One of the questions I see asked over and over on the REI
newsgroups is "Can the seller get another loan?" This is a great
question because it so often is one of the objections raised by
a seller when a creative offer is being discussed.
The short answer is "yes". Only in rare situations would a
seller not be able to qualify for another loan. This, of course,
assumes the seller would typically qualify if they were not
going to leave their loan behind. Let's explore the possible
explanations that can be used with the seller.
Straight Rental
If the seller doesn't sell the house and plans to move anyway,
the seller will be forced to either lose the property to
foreclosure or lease the property out soon.
Yes, there are other solutions, but this is what the typical
motivated seller sees as their options by the time they jump on
the phone and start contacting real estate investors. The above
responses seem to be the two most common answers to the "What
will you do if it doesn't sell?" question.
So, let's assume for discussion purposes that we are not
involved at this point. If the seller finds someone to lease
their property, the seller's loan will still be in place. The
seller may or may not have landlording experience and may or may
not have a decent tenant. Those arguments come in handy for
other objections, but don't really affect the "new loan"
scenario.
Most lenders will give the seller a 75% income credit toward
their debt ratios. For an example, assume the seller has an
underlying payment of $750 and a tenant who's paying $1,000. The
lender will include 75% of the rental amount, or $750, as income
which will help offset the underlying debt payment of $750. It's
not actually a "wash", but it's pretty darn close.

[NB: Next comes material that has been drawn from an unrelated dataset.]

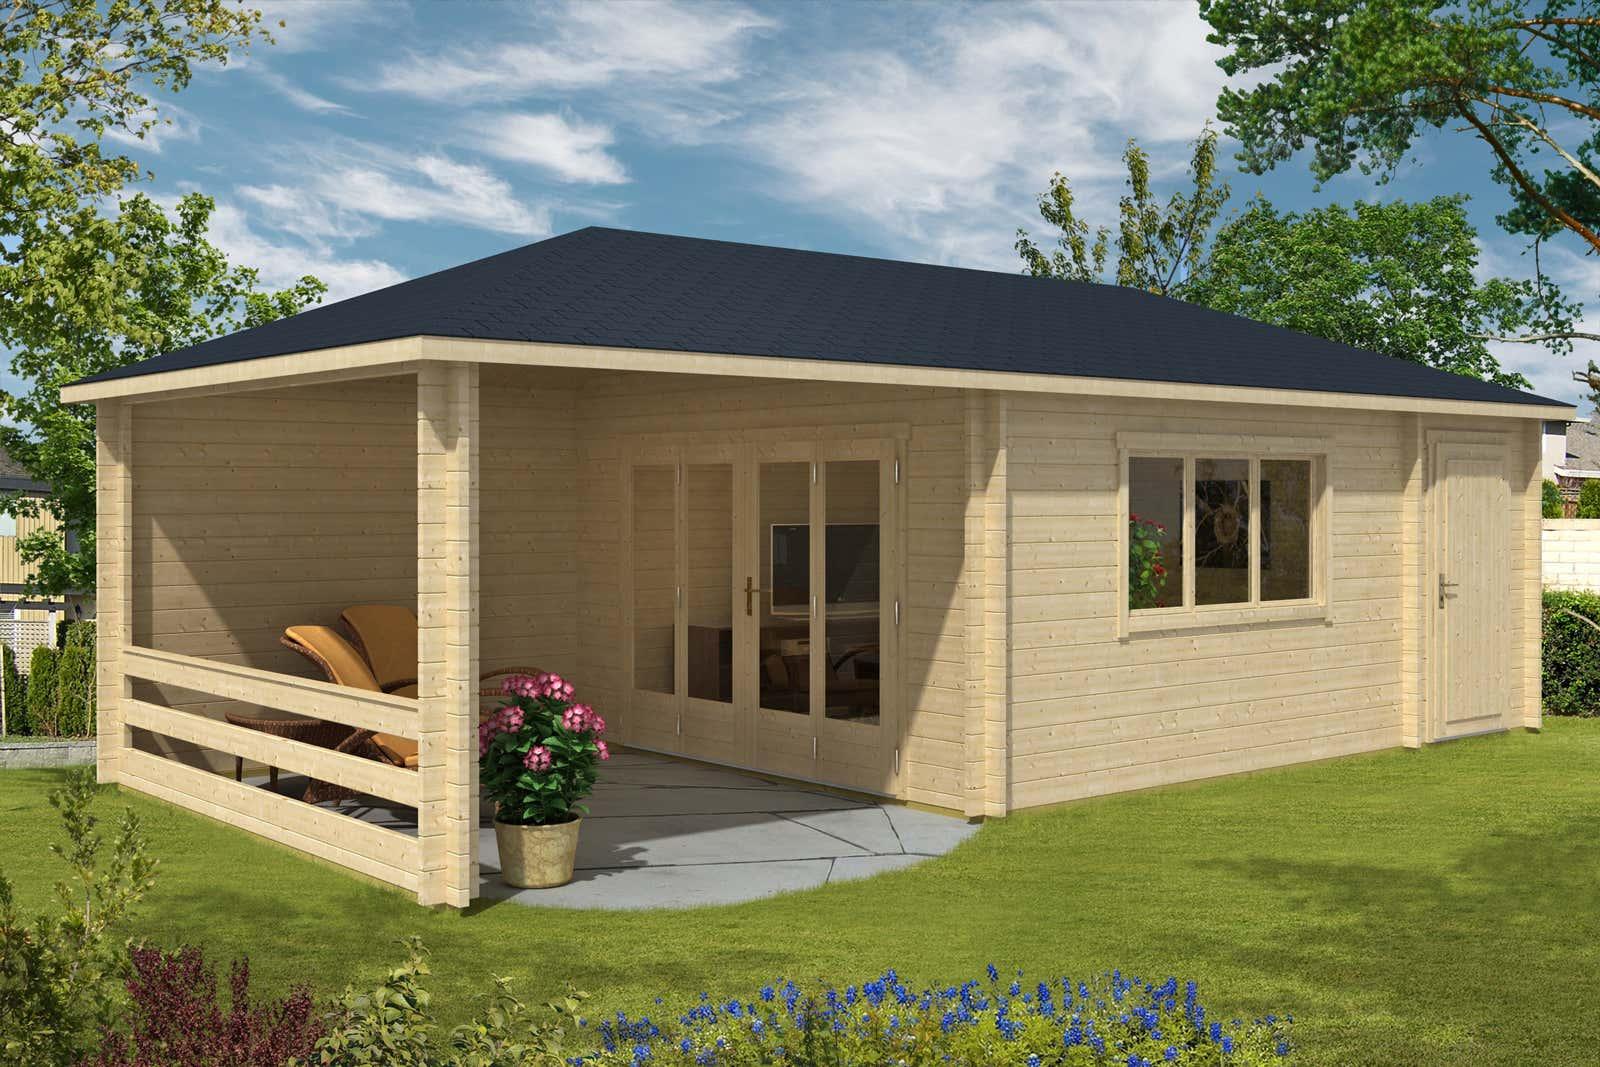 gartenhaus modell montana 44 mit anbau a z gartenhaus gmbh. Black Bedroom Furniture Sets. Home Design Ideas

Even if the rent were only $750, the 75% rental income credit
would equate to $562.50, against the monthly payment of $750. In
my experience the $187.50 is usually not enough to disqualify
the seller for the loan.
So, to summarize, regardless of whether you plan on acquiring
the property through a lease option, Sub2, or some other form of
creative financing where the existing loan stays in place, the
worst case scenario should be that the new lender treats the
property as if it's a rental.
Lease Option
If you've entered into a lease option agreement with the seller,
this may work favorably for the seller in qualifying for a new
loan. Again, worst case should be that the property is treated
as a straight rental. Best case would be that the lender gives
the seller full credit for the debt payment.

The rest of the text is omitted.